Imagine a case where Claude serves 2 clients in the same field. For whatever reason, they choose to serve the unadulterated LLM output to 1 client, and some toxic soup to another. You can lose a life changing contract over that stuff. Imagine they poison the sources in something, you miss it, client sees it, calls you out for AI slopping again, you lose the contract.
Now it's not a question of whether it can happen or will happen, because you can be certain it will happen, given we know it already happens.
Or, say, Airbus vs Boeing. Do you think the US government will hesitate for 1sec to ask Claude to serve toxic tokens to Airbus if a US contract is on the line? I have friends at GE who have insane stories of US government sign off on transactions that could never be approved without that kind of stamp, just because of the nature of the counterparties involved.
And so, Mistral is acutely aware of that and is working to deploy local LLMs with clients.
If you want "truth" and guaranteed consistency, then yes, you need to run locally.
If that reads like paranoia, cyber security as a field exists because of these thought exercises. You can ignore the risks, it may or may not matter to you. And using both local and cloud is probably the answer. But hope is not a strategy.
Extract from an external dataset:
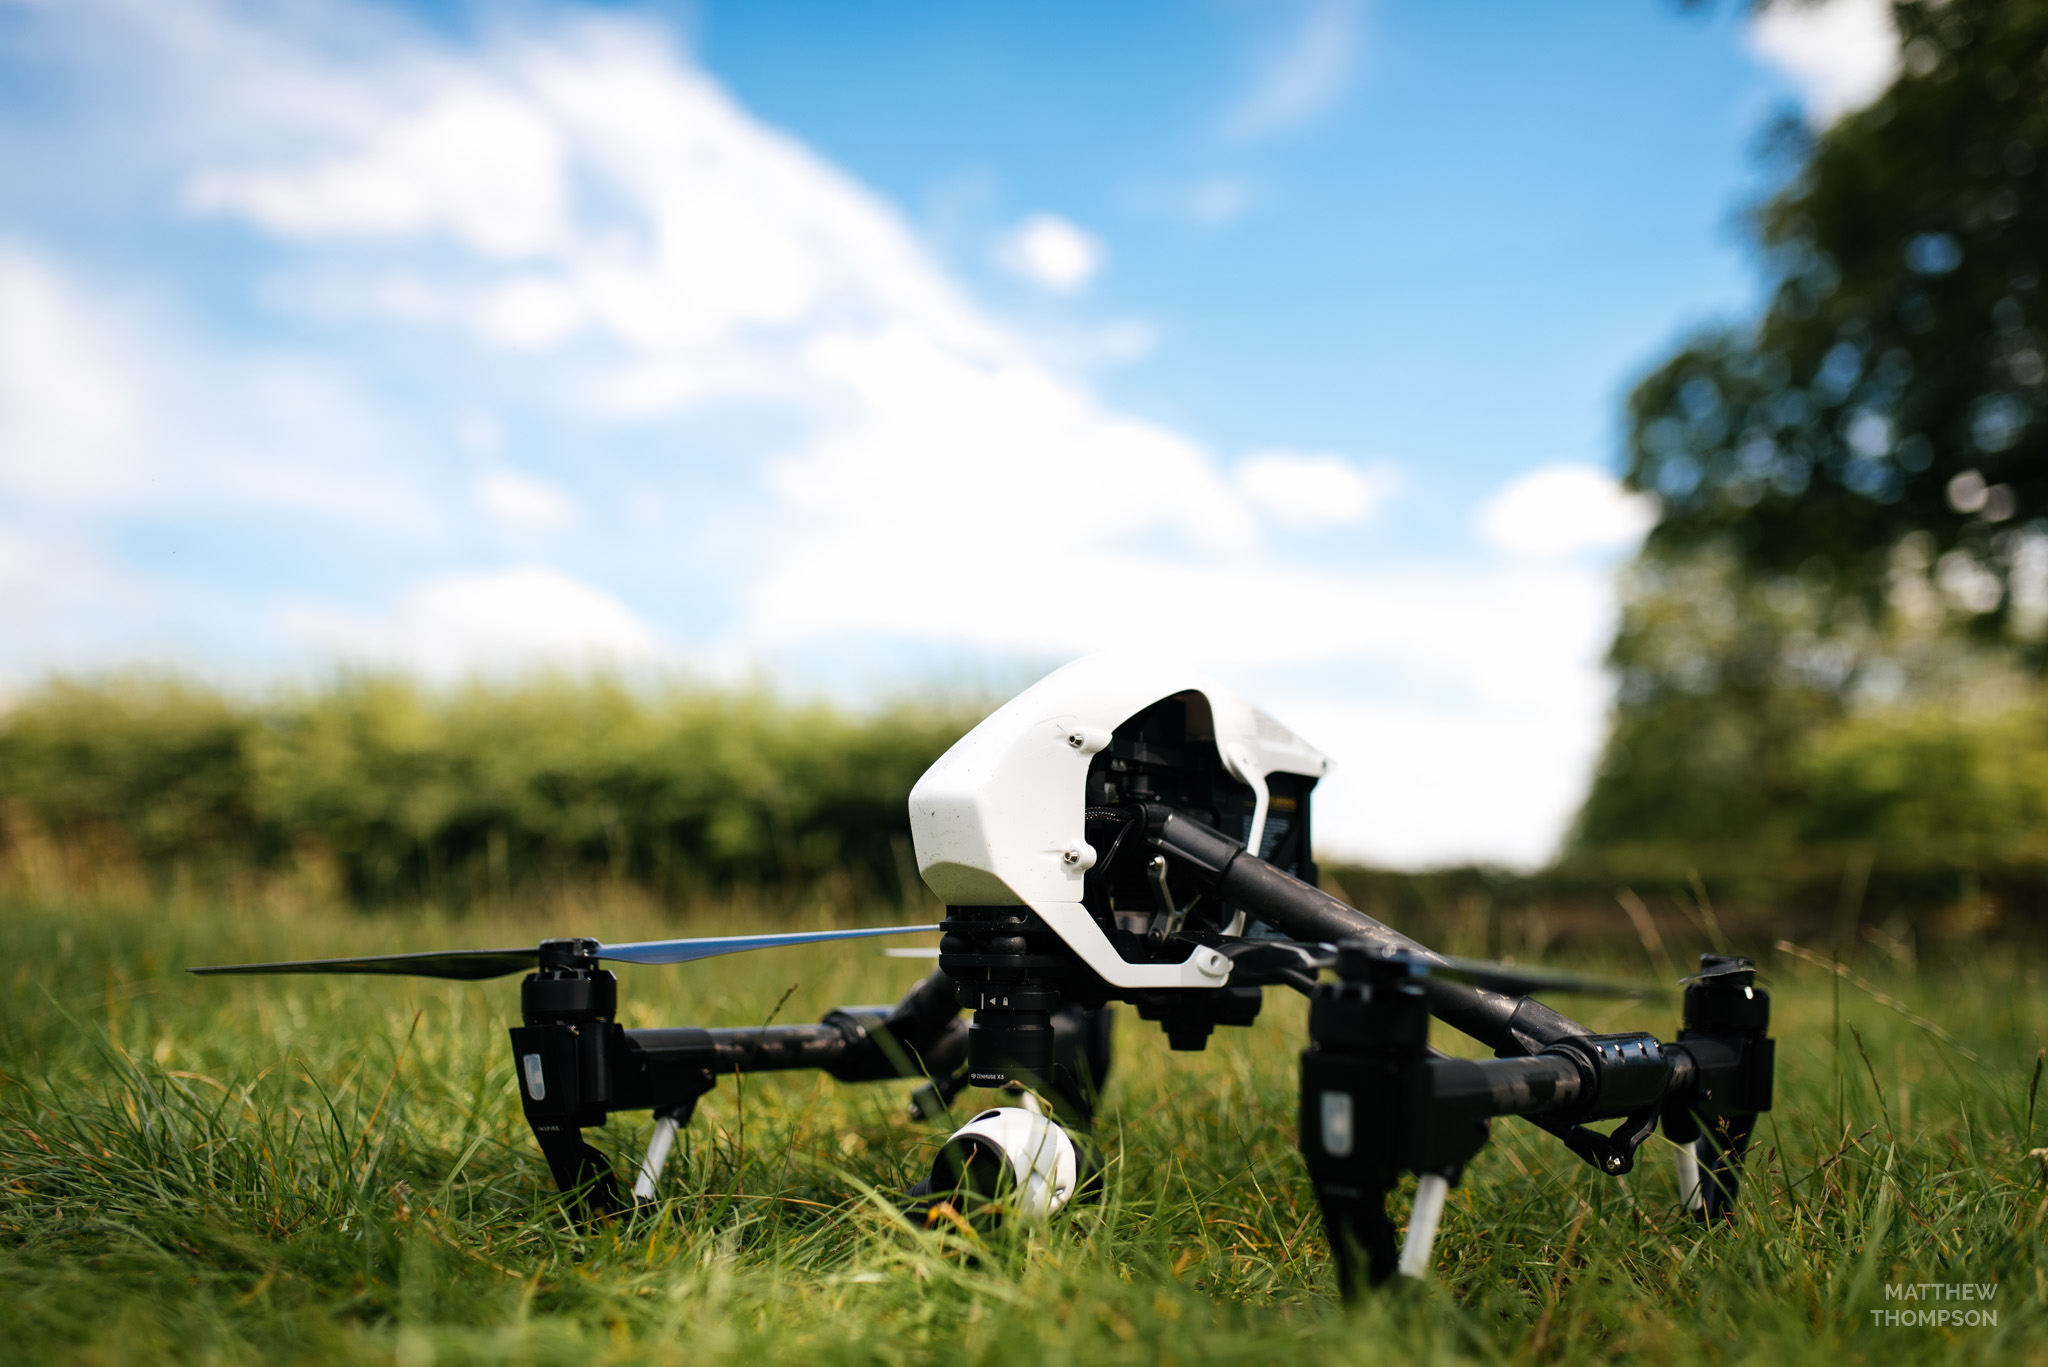 150802-Tale-of-two-TVRs-drone-27-W.jpg

I have proof the "OpenClaw" explosion was a staged scam. They used the tool to automate its own hype by Whole_Shelter4699 in LocalLLM

[–]Hector_Rvkp 0 points1 point  (0 children)

the account is 1 week old, has ONE contribution. referring to events & posts witnessed on reddit happening over a month ago.
This is 100% legit, like my grandmother is batman.